Desk editor's note, referee report, simulated authors' rebuttal, and a circularity audit. Tearing a paper down is the easy half of reading it; the pith above is the substance, this is the friction.

Referee Report

2 major / 1 minor

Summary. The manuscript presents CacheTune, a frequency-guided and hardware-aware KV cache reuse system for long-context LLM serving. It performs offline frequency-domain analysis to identify critical KV pairs for selective recomputation in non-prefix reuse scenarios (to recover cross-chunk attention), then applies sparse KV transfer, multi-stream asynchronous overlap, deferred positional-encoding recovery, and hardware-aware adaptive recomputation-ratio tuning to co-optimize compute and I/O across GPU and external storage tiers. The abstract reports 3.72x-4.86x TTFT speedup, 3.93x-6.21x higher throughput, and 2.34x-2.36x TTFT speedup under SSD/HDD offload, while claiming generation quality close to full recompute.

Significance. If the frequency-domain selection reliably recovers necessary cross-chunk attention relationships without quality loss and the I/O-compute optimizations deliver the reported gains across models and tasks, the work would be a practical contribution to efficient long-context serving, particularly for heterogeneous memory hierarchies. The empirical speedups and the explicit handling of non-prefix reuse plus offloading are notable strengths if substantiated by rigorous experiments.

major comments (2)
  1. [Abstract] Abstract: the central claim that offline frequency-domain analysis identifies a sparse subset of KV pairs whose selective recomputation suffices to restore cross-chunk global attention relationships (and thereby preserve quality) is load-bearing for all reported speedups and quality results, yet the abstract supplies neither derivation, necessity/sufficiency argument, nor ablation evidence that the selected pairs align with semantic dependencies rather than signal-like properties; this directly engages the stress-test concern and prevents evaluation of soundness.
  2. [Abstract] Abstract: concrete speedups (3.72x-4.86x TTFT, 3.93x-6.21x throughput) and quality preservation are stated without any reference to experimental setup, models, datasets, baselines, statistical significance, or quality metrics (e.g., perplexity vs. task accuracy), rendering the claims impossible to assess; this is a load-bearing omission for an empirical systems paper.
minor comments (1)
  1. [Abstract] Abstract: the description of 'adaptive recomputation-ratio tuning' is introduced without indicating whether the ratio is a free parameter or derived parameter-free from hardware characteristics.

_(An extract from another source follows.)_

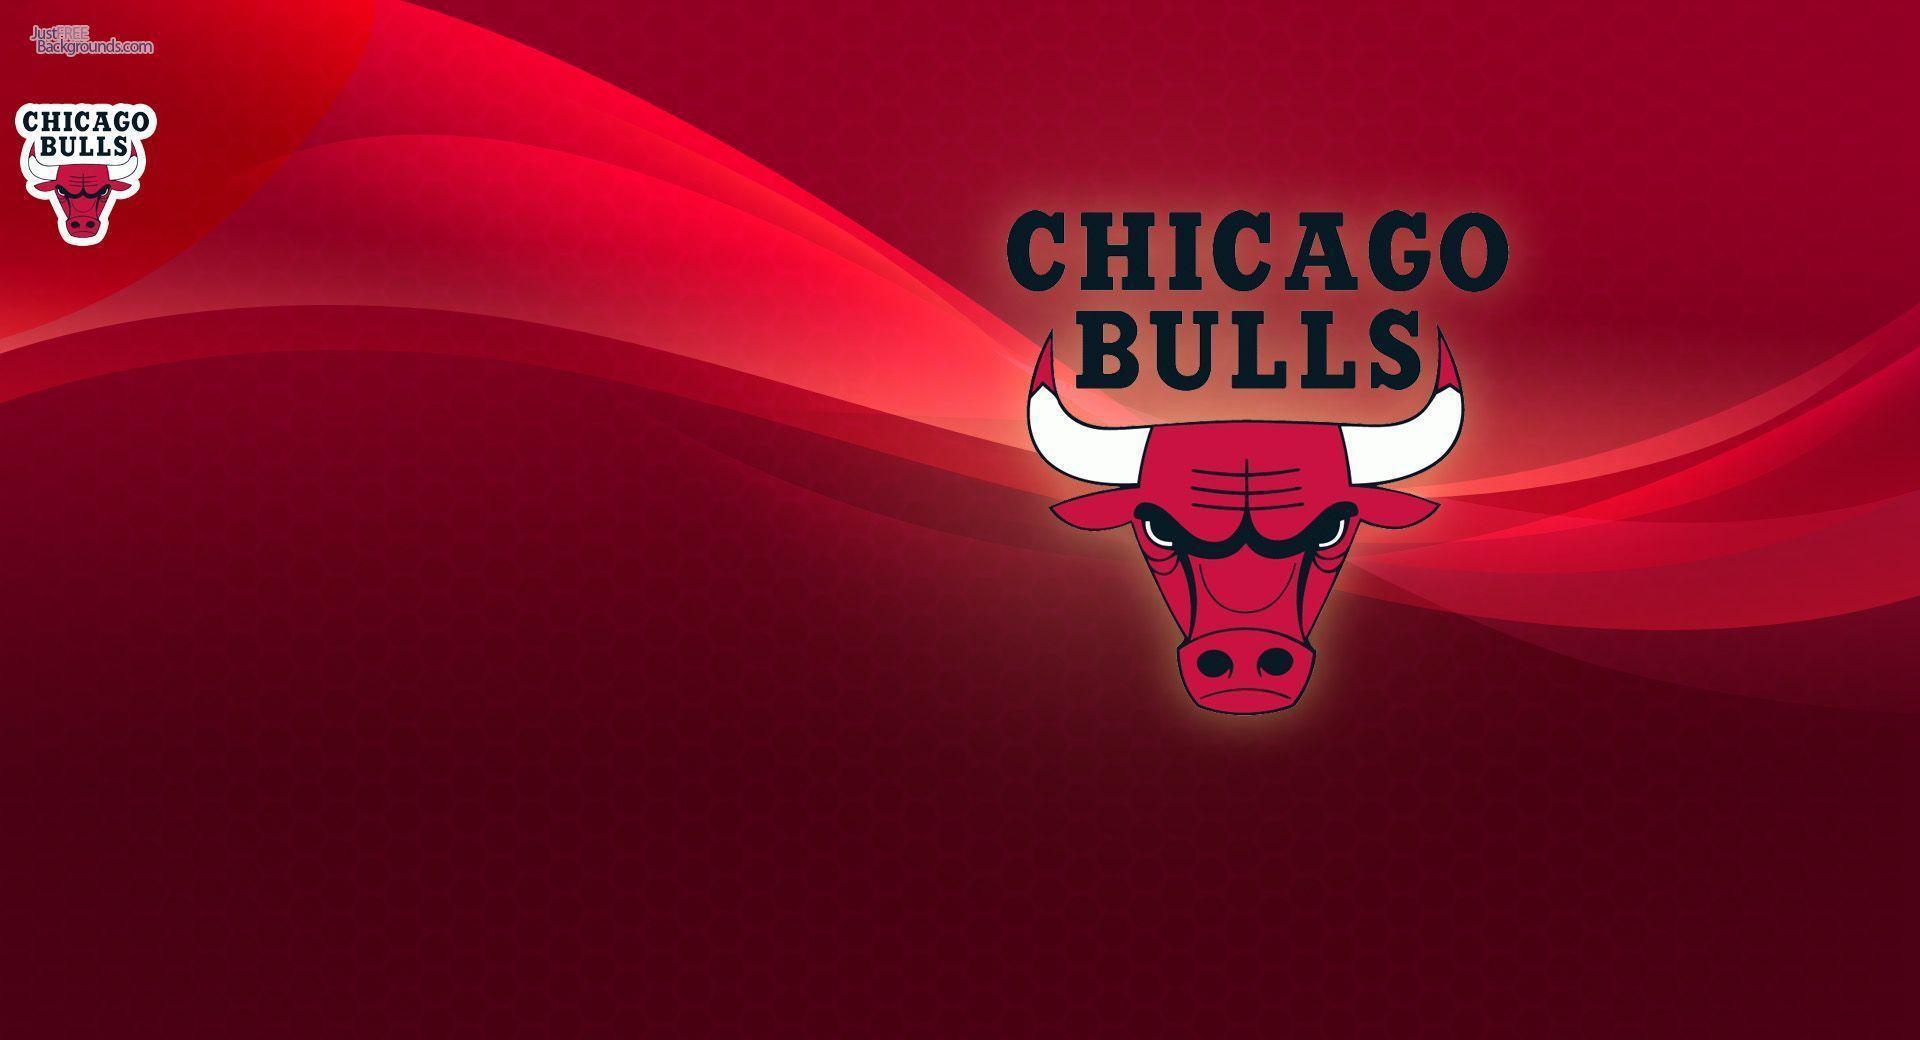 Chicago Bulls 103 97287 Image HD Wallpaper. Wallfoy.com

Simulated Author's Rebuttal

2 responses · 0 unresolved

We thank the referee for the thoughtful comments on the abstract. We address each major comment below and indicate where revisions to the manuscript will be made.

read point-by-point responses
  1. Referee: [Abstract] Abstract: the central claim that offline frequency-domain analysis identifies a sparse subset of KV pairs whose selective recomputation suffices to restore cross-chunk global attention relationships (and thereby preserve quality) is load-bearing for all reported speedups and quality results, yet the abstract supplies neither derivation, necessity/sufficiency argument, nor ablation evidence that the selected pairs align with semantic dependencies rather than signal-like properties; this directly engages the stress-test concern and prevents evaluation of soundness.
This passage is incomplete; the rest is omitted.